Keras fails to account for smaller last batch in loss metric calculation #38596

bentyeh · 2020-04-16T08:34:39Z

System information

OS Platform and Distribution: Google Colab Notebook
TensorFlow version (use command below): 2.2.0-rc2
Python version: 3.6

Describe the current behavior

In tf.keras models, the model.test_step() method (which is called by model.fit() and model.evaluate()) incorrectly computes the mean loss over all batches in an epoch when the dataset size is not evenly divisible by the batch size. This applies for both training and validation loss. This bug affects the reported epoch loss, but NOT the training loss used for computing gradient updates.

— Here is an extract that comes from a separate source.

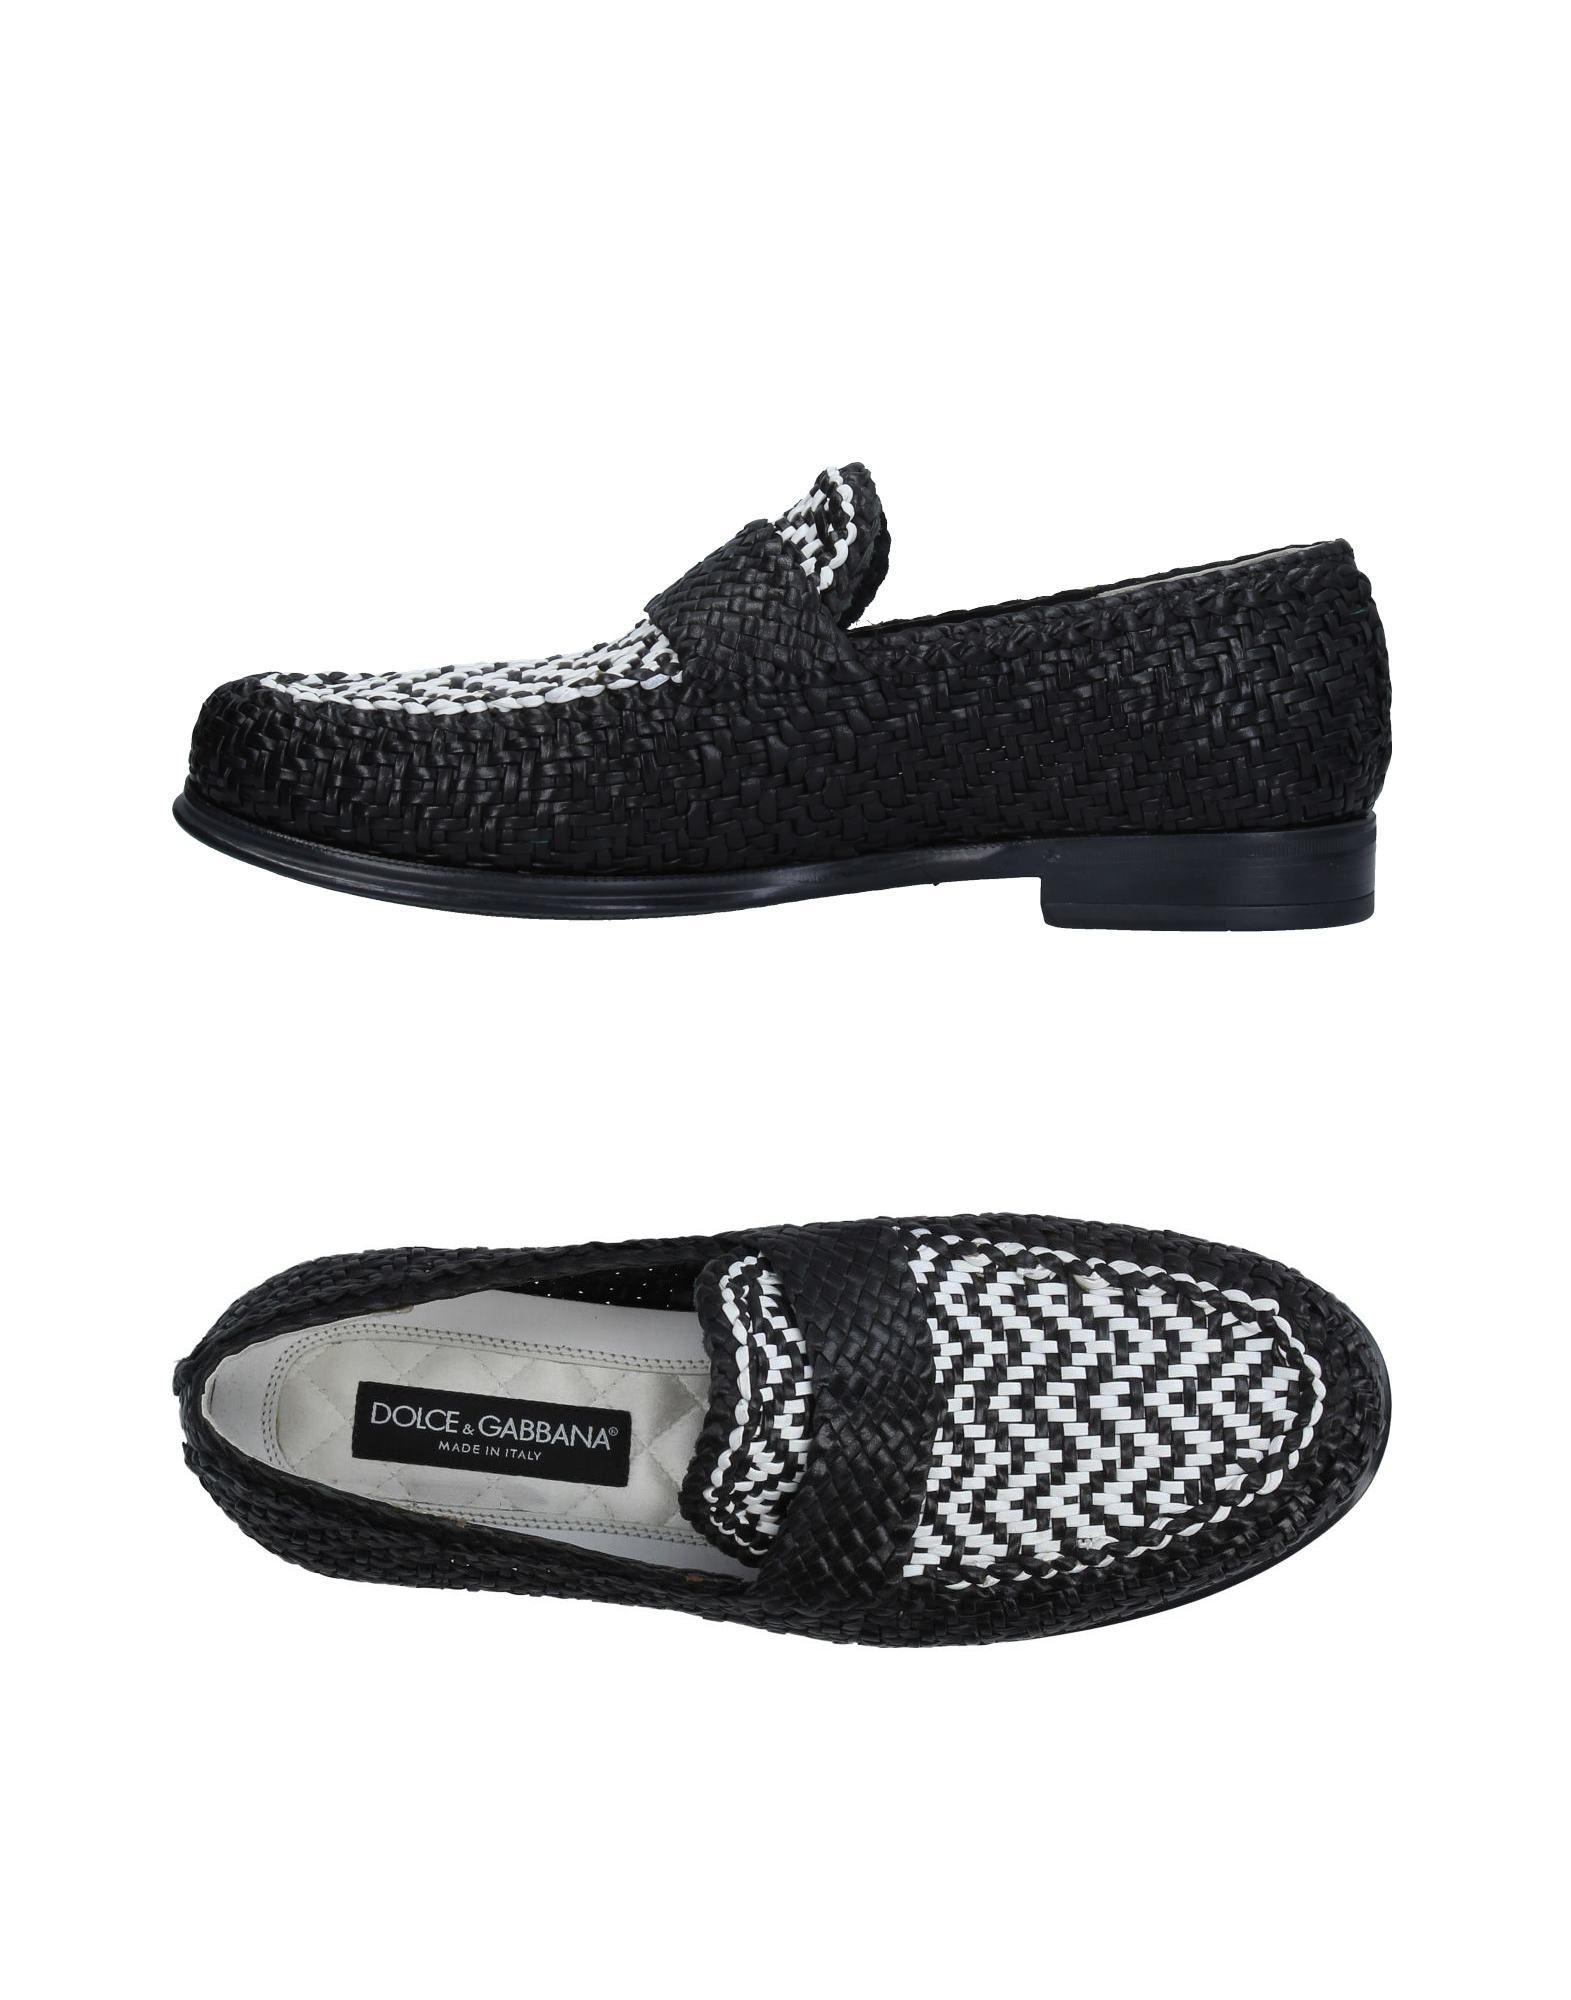 Dolce & Gabbana Mokassins Herren  11327595JI Gute Qualität beliebte Schuhe

Currently, TensorFlow-Keras computes the loss for each batch, adds together the losses across batches, then divides by the number of batches. In other words, the reported loss at the end of each epoch is (incorrectly) unweighted with respect to the size of each batch.

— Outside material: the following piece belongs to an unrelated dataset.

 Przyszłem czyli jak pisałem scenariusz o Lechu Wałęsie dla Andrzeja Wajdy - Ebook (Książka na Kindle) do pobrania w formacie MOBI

For example, suppose there are 3 samples in a dataset, and the batch size is 2. Then there are 2 batches of size 2 and 1. If the first batch has mean loss of 10 and the second batch has mean loss of 9, then the mean loss over the entire dataset is currently (incorrectly) computed as (10 + 9) / 2 = 9.5.

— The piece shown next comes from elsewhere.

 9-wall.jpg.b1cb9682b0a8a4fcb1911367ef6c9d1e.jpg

Describe the expected behavior

Continuing with the example above, the correct mean loss over the dataset should be a weighted mean of the batch losses, where the weights are given by each batch size. Thus, the correct mean loss should be (10*2 + 9*1) / (2 + 1) = 9.66666. This is shown in the code below.

Standalone code to reproduce the issue

Code (gist here)

import tensorflow as tf

X = tf.constant([[1],
                 [2],
                 [3]], dtype=tf.float32)
y = tf.constant([[5],
                 [4],
                 [6]], dtype=tf.float32)

# y_pred = a * x + b, where weights are intialized as a = 1, b = 0
# thus, MSE = (x - y)**2 / len(x)
model = tf.keras.Sequential([
    tf.keras.layers.Dense(1, input_dim=1, kernel_initializer='ones', bias_initializer='zeros')])
model.compile(optimizer='sgd', loss='mean_squared_error')

def mse(y, y_pred):
    assert len(y) == len(y_pred)
    return sum((y - y_pred)**2)/len(y)

print('model.evaluate():')
print('- batch_size=1:', model.evaluate(X, y, batch_size=1, verbose=0))
print('- batch_size=2:', model.evaluate(X, y, batch_size=2, verbose=0))
print('- batch_size=3:', model.evaluate(X, y, batch_size=3, verbose=0))
print()

# incorrect mean of two different-sized batches
# Batch 1 is size 2, but Batch 2 is size 1
# So we should compute a weighted mean, but Tensorflow-Keras fails to do so
print((mse(X[:-1], y[:-1]) + mse(X[-1], y[-1]))/2)

Output

model.evaluate():
- batch_size=1: 9.666666984558105
- batch_size=2: 9.5
- batch_size=3: 9.666666984558105

tf.Tensor([9.5], shape=(1,), dtype=float32)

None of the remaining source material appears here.